Spaeth, Johnson and Hoffman, JJ. Johnson, J., files a dissenting opinion.

Author: Spaeth

[ 301 Pa. Super. Page 513]

This is an appeal from an order declaring appellant's common law marriage invalid and adjudging her a dependent child. We reverse.

At the time the events in question occurred, appellant was fourteen years old and a student in the eighth-grade. She lived with her mother in Erie. Her English teacher was one Edward Christoph, who was thirty-six years old. Early in the fall of 1980, appellant and Mr. Christoph became romantically involved. Sometime in October of 1980, appellant's mother found two letters from Mr. Christoph to appellant; they were affectionate in nature, saying "I love you" and "[t]hings of that nature." N.T. 8/4/81, 48. Appellant's mother confronted appellant with the letters and forbade her to see Mr. Christoph. She also discussed the matter with the school authorities, and appellant was later transferred from Mr. Christoph's English class. However, appellant continued to see Mr. Christoph, by sneaking out of the house from time to time.

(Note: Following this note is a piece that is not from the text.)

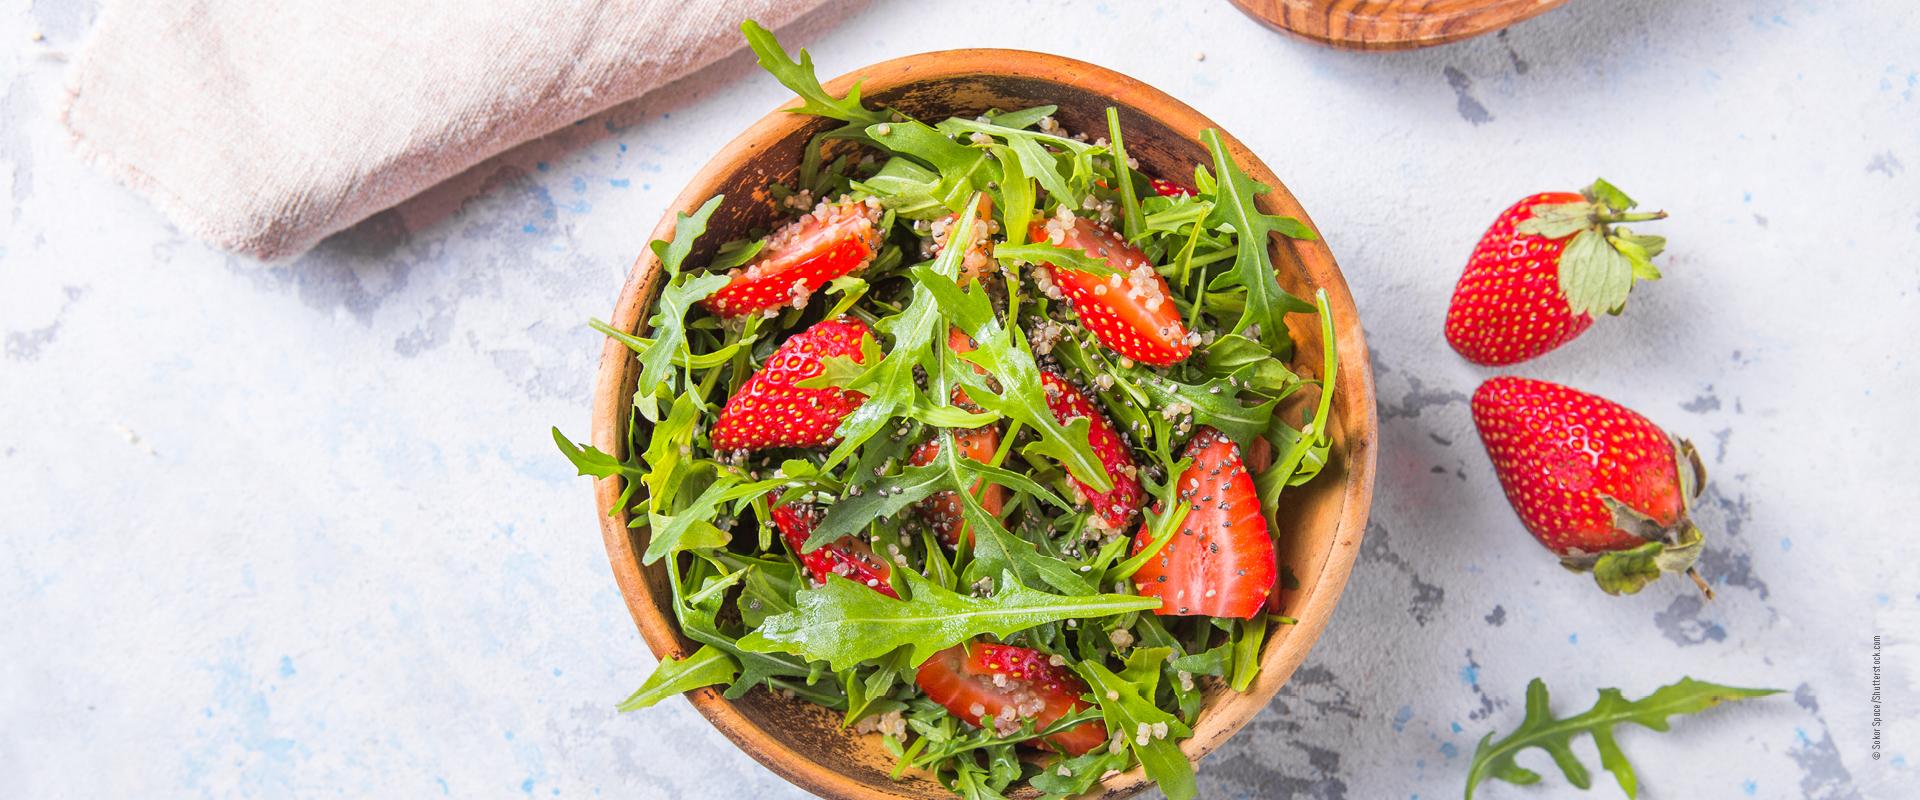 Erdbeer-Rucola Salat_Grillbeilagen

During this time, appellant's relationship with her mother became turbulent,*fn1 and on April 10, 1981, appellant ran away

[ 301 Pa. Super. Page 514]

    and was placed by Children's Services of Erie County at the home of her aunt and uncle. In July, appellant ran away from their home and was later found at Mr. Christoph's home. On July 17, after a brief stay in a foster home, appellant returned to her mother's home to live. On July 21, 1981, at about 3:00 a. m., appellant met Mr. Christoph and entered into a common law marriage with him at the home of his sister and brother-in-law, who served as witnesses to the marriage.

Appellant's mother is opposed to the marriage. On July 22, 1981, she filed a petition alleging that appellant was a dependent child. The lower court ordered appellant detained at a foster home, and on August 4, after an adjudication hearing, adjudged her dependent and ordered that she "not have contact in any manner" with Mr. Christoph. This appeal is from that order.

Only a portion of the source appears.